Look through the data below and extract, unchanged, the lines from the one that contains "Zentopia classic 100%" to the one that contains "Stripe Long Sleeve", both included.
══ Extracted information ══
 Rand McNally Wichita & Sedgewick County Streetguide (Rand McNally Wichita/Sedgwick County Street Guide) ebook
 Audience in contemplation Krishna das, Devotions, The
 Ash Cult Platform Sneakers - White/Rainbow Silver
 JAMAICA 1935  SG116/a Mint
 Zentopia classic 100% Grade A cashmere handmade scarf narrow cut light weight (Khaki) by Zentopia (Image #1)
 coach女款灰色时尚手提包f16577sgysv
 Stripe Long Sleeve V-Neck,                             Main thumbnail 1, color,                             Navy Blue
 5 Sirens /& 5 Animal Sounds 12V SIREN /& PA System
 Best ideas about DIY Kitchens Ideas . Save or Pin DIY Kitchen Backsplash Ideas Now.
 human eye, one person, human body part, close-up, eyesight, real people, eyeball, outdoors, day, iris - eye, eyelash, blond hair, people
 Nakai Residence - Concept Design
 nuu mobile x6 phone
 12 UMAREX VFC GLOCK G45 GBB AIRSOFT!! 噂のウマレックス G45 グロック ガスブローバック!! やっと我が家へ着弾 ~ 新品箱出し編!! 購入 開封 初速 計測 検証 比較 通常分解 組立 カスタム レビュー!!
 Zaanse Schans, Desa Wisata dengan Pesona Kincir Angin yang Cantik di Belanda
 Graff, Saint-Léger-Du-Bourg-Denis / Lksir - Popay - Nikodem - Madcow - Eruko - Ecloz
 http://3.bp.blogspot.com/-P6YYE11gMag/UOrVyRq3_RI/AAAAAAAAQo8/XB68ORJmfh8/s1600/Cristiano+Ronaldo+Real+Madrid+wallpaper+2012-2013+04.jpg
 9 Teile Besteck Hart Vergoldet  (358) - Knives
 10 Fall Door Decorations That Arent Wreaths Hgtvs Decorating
═══
Exercise result:
 Zentopia classic 100% Grade A cashmere handmade scarf narrow cut light weight (Khaki) by Zentopia (Image #1)
 coach女款灰色时尚手提包f16577sgysv
 Stripe Long Sleeve V-Neck,                             Main thumbnail 1, color,                             Navy Blue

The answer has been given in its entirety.